Delicate Arch, eroded in sandstone, Arches National Park, Utah.
Credit: R.B. Alley
Map of U.S. with Arches National Park highlighted along the southern stretch of the eastern border of Utah.
Arches National Park Location
Credit: R.B. Alley

Arches National Park is just outside of Moab, Utah, almost within shouting distance of Canyonlands. Arches contains the largest concentration of natural stone arches in the world, with dozens of major arches, and numerous other holes and interesting rock features. The longest natural arch in the world is there, Landscape Arch, spanning about 300 feet (almost 100 meters). Several rockfalls have occurred from Landscape Arch since European settlers arrived, reducing the arch to a thickness of only 11 feet in one region. The trail under the arch has been closed; the Park Service knows that eventually more rocks, and the whole arch, will fall, and the rangers do not wish to be involved in extracting compacted humans from beneath the remnants of what used to be the world’s longest arch.

The arches are all eroded in sandstone, and especially the mid-Mesozoic (deposited during the time of dinosaurs) Entrada Sandstone, which includes both marine and wind-blown sands. Arch formation started with deposition of thick beds of salt in the Arches area. Sediments including the Entrada sands were deposited on top of the salt, and cemented by hard-water deposits to make sandstone. When the weight of those sediments became large enough, the salt began to flow, squeezed from places where thicker sediments caused higher pressure on the salt, to places where thinner sediments gave lower pressure, like ketchup in a fast-food packet squeezed from one place to another. However, the foil wrapping of a fast-food packet is fairly flexible, but the Entrada sandstone was not, so as the salt moved, the tough sandstone broke. The most common joints formed by this motion are parallel, nearly vertically oriented, and a few yards (or meters) apart. Weathering processes attacked the rocks along these joints, which were slowly widened to leave vertical slabs of rock called fins.

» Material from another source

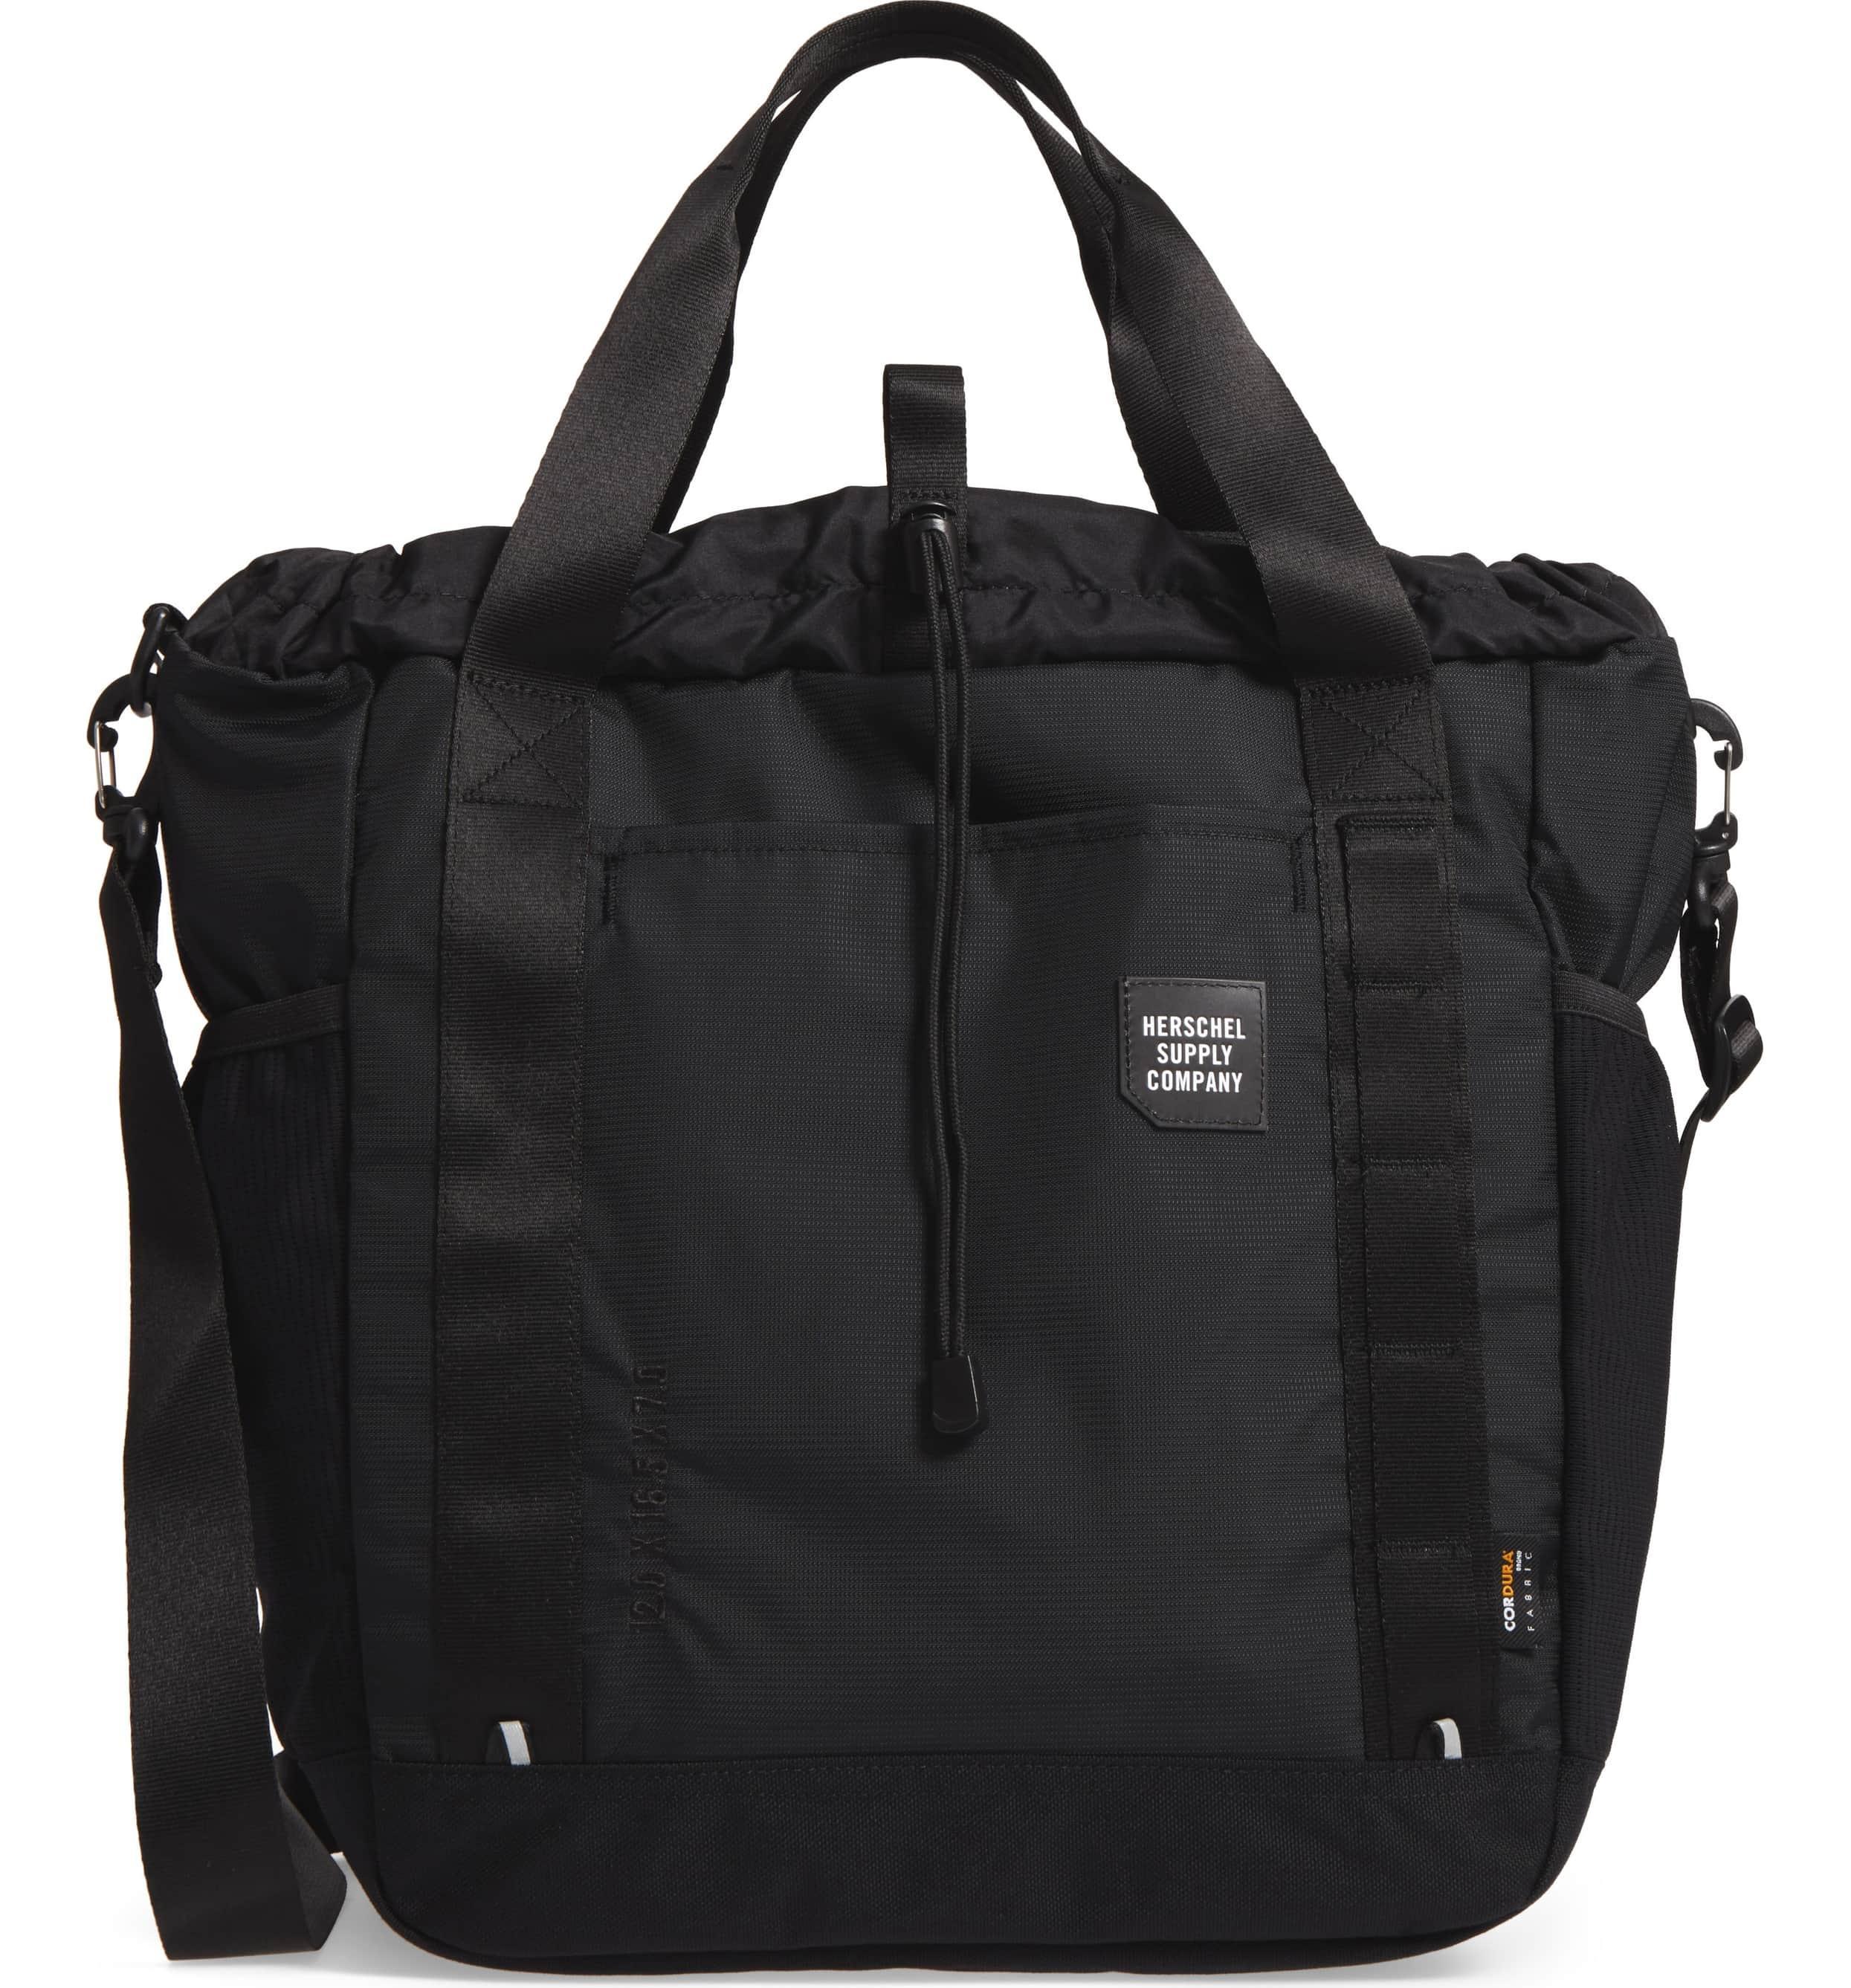 276b1400b3f  Herschel Supply Co.  Barnes 2 WAY 30L Tote Bag - Trail - Waterproof

Some weathering and erosion processes are more effective near the ground than high up. For example, you will see huge steel bolts sunk into the rock of some road cuts just above the highway to keep the weight of the rock above from popping slabs of rock loose that might blast into the road and kill people; such rock-bursts also occur in quarries. When such slabs of rock fall, they often leave a curved or arch-like top, because it is easier to break off a curve than a square-cornered piece. This process is among those contributing to arch formation, breaking through the fins to make the beautiful stone arches.

Stratigraphy

The text above says that the Entrada Sandstone is from near the middle of a time we call the Mesozoic, an Era of geologic history, and for Bryce, our text told you that Bryce Limestone is from early in the Cenozoic Era of geologic time. You have not been asked to learn these terms yet (but you will be, so might as well lodge them in your brain now). The Mesozoic is older than the Cenozoic, so the Entrada is older than the Bryce. How do we tell which layers are older or younger?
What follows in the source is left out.